→ **Data segment**:
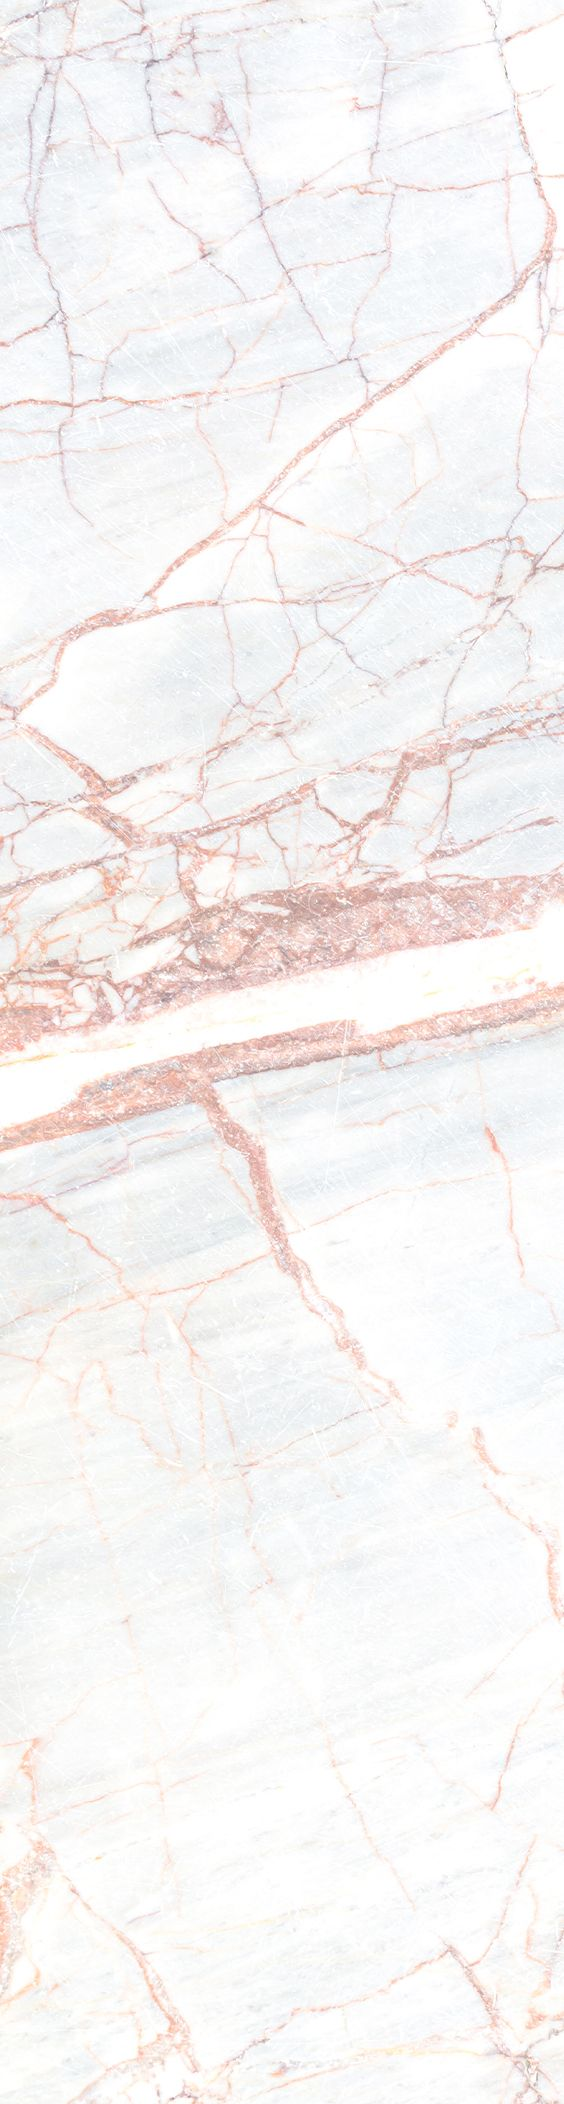 Wonderful Wallpaper Marble Peach - 8235b4c7e580ae53032bdf548023773a  Pic_431142.jpg
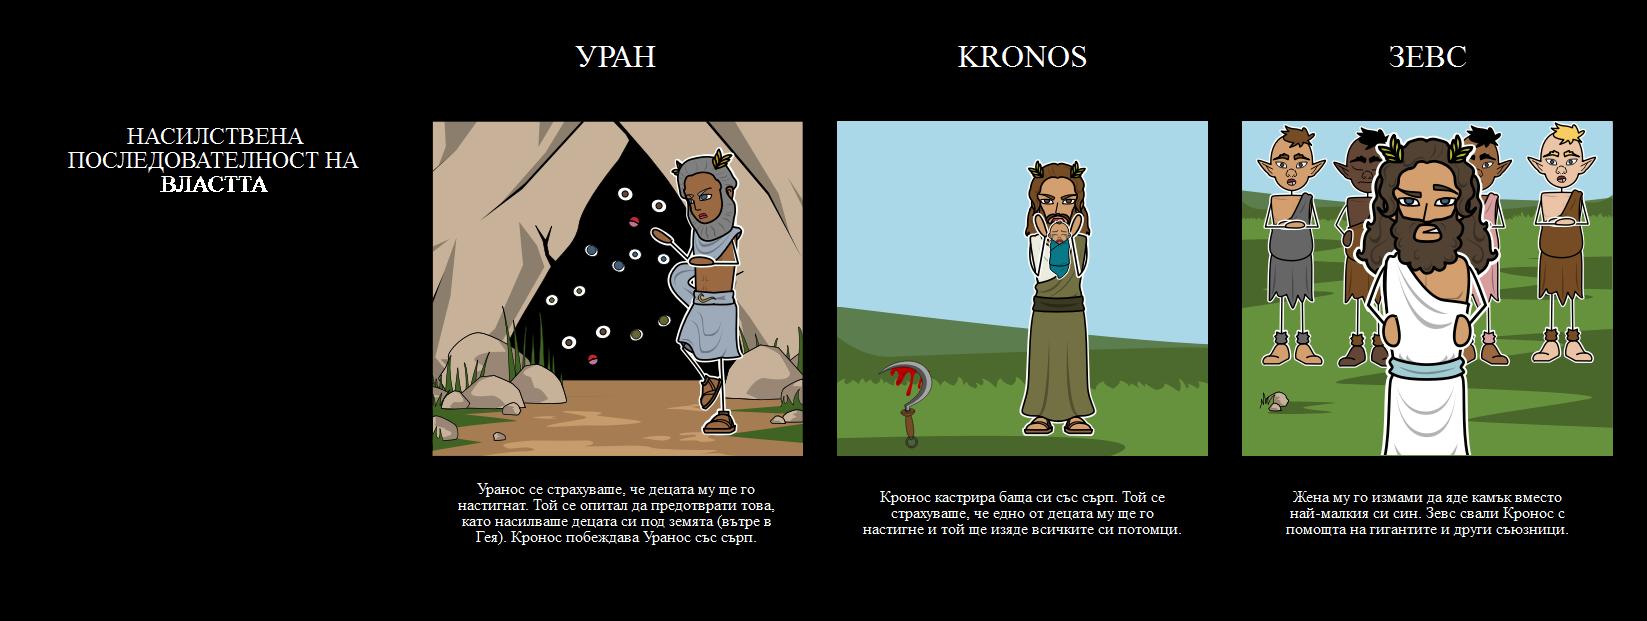 Гръцка Митология Тема за Създаване на Митология
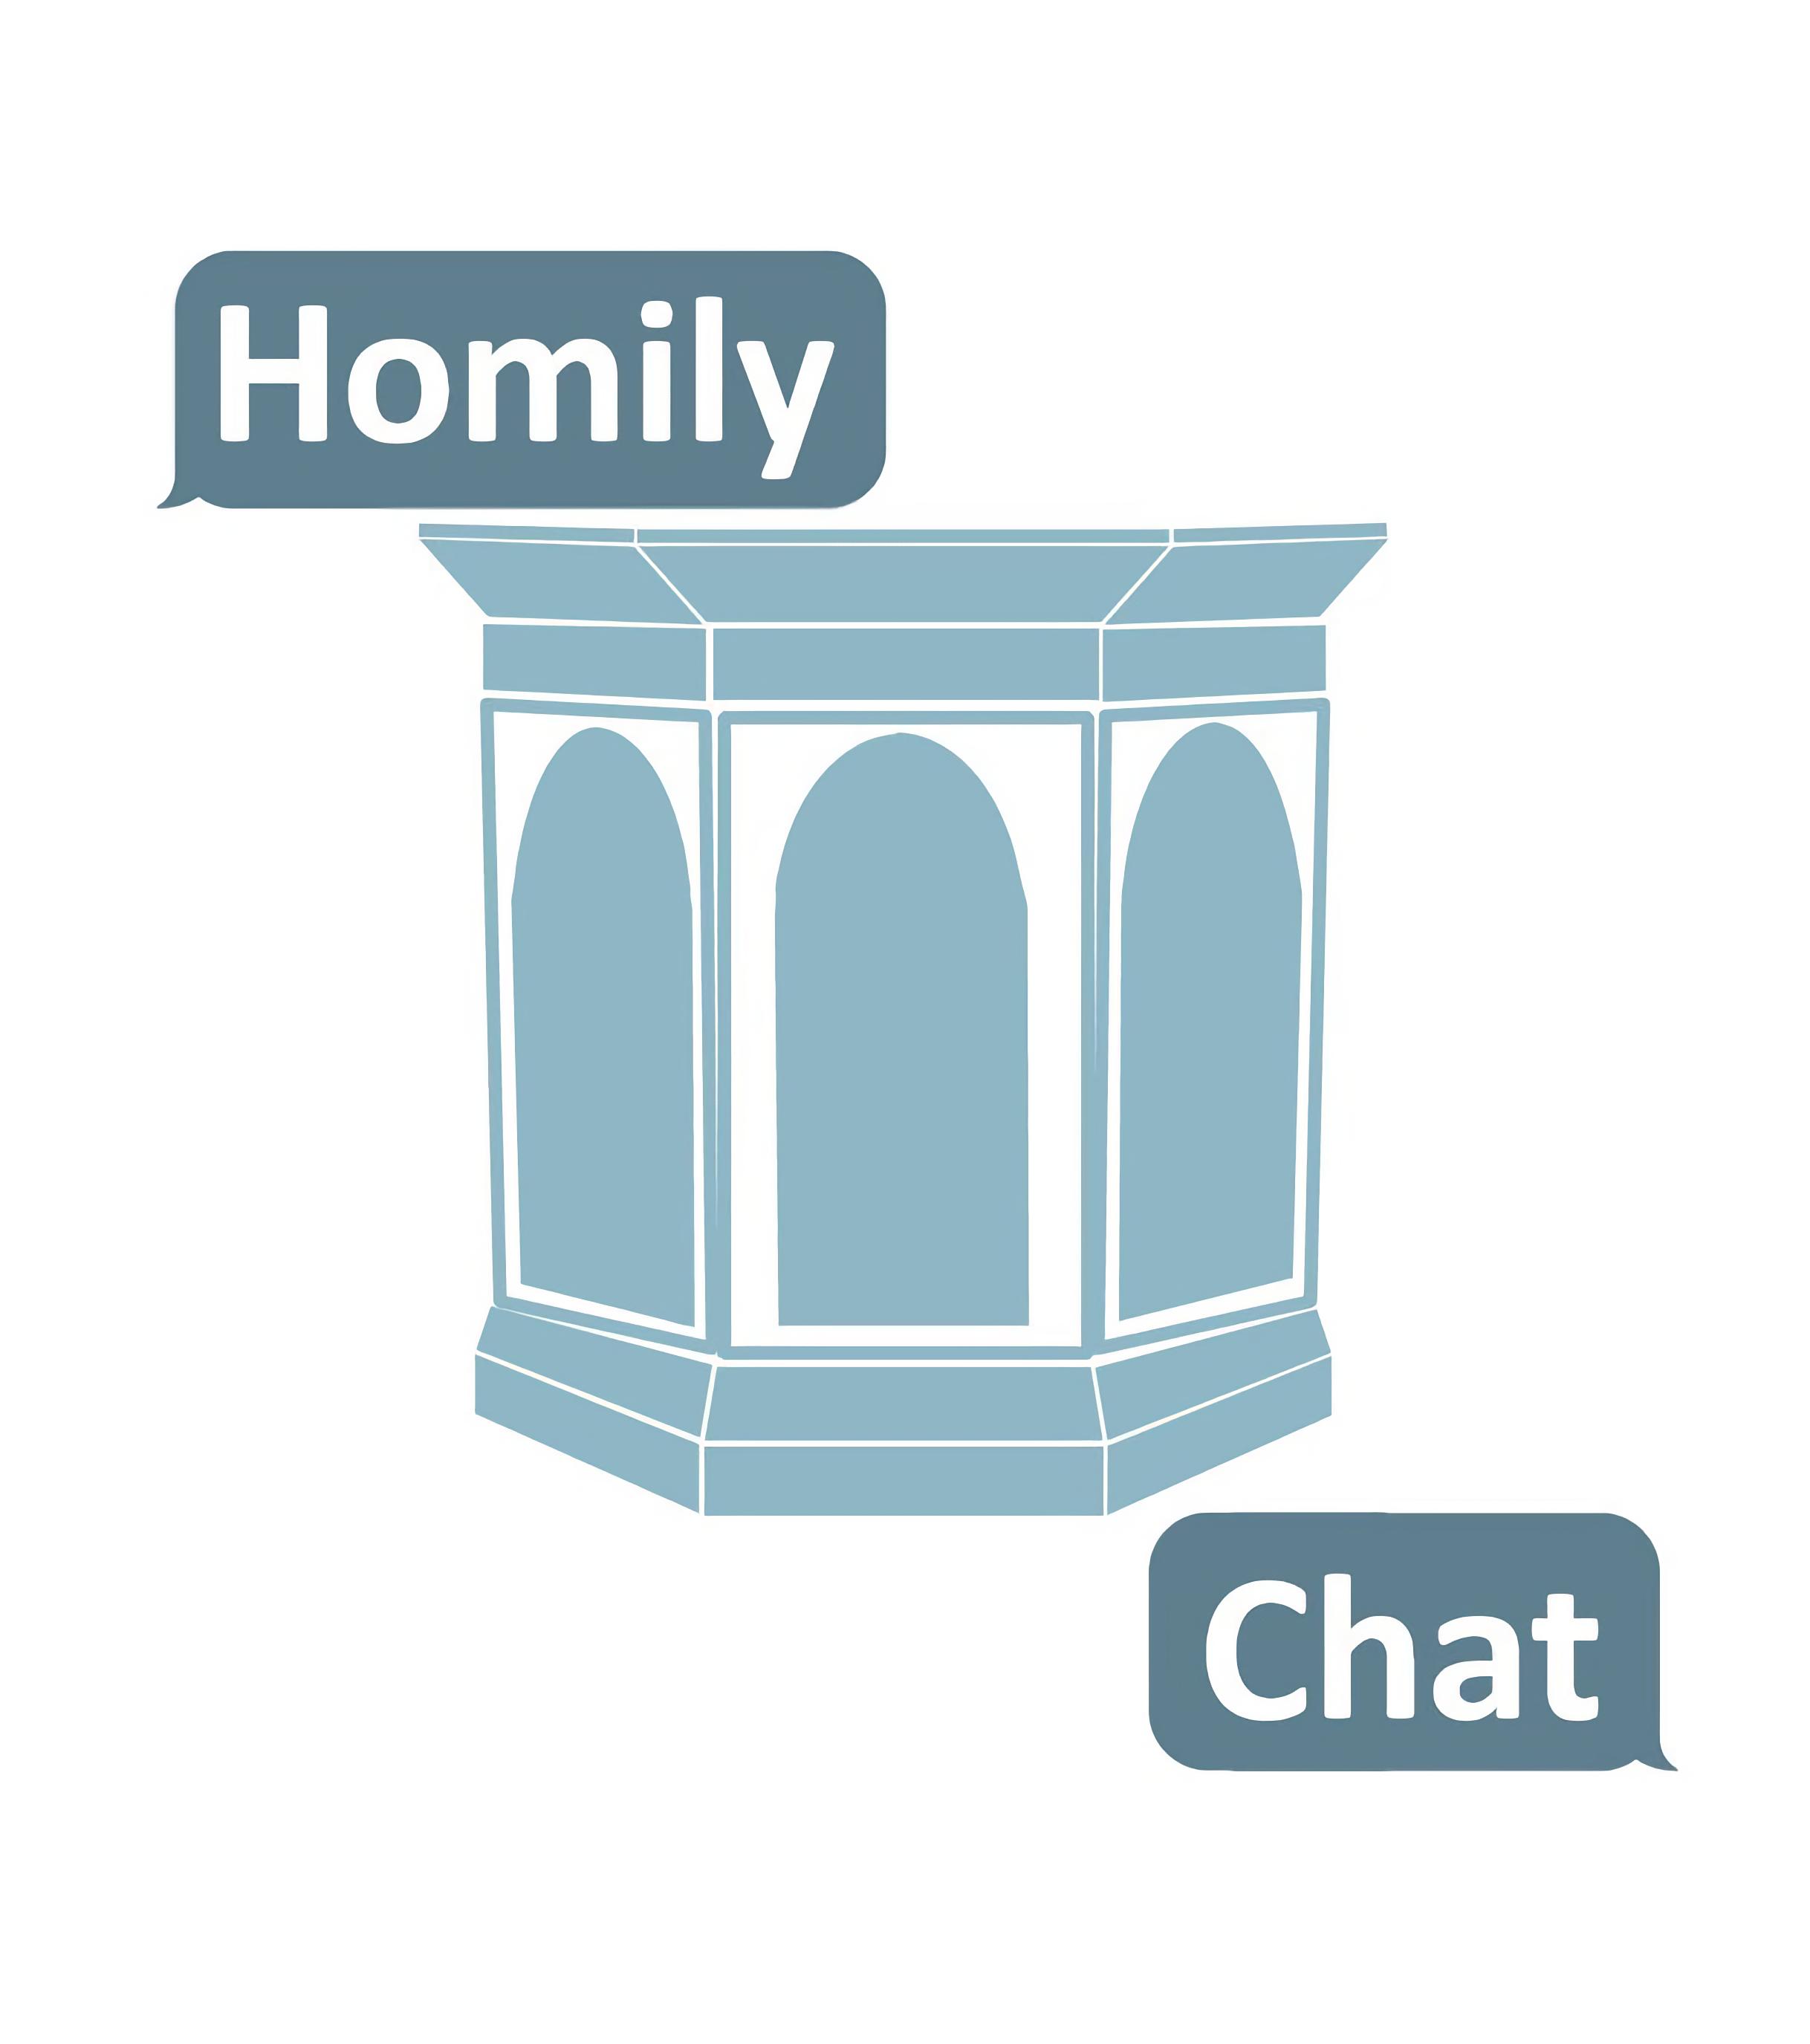 2020 0830 JKorvemaker homilychat-logo-large

→ **Your task**: The output should hold only the lines from the one containing "Гръцка Митология Тема" through the last line of the listing, reproduced exactly, pictures omitted.

→ **Output**:
 Гръцка Митология Тема за Създаване на Митология
 2020 0830 JKorvemaker homilychat-logo-large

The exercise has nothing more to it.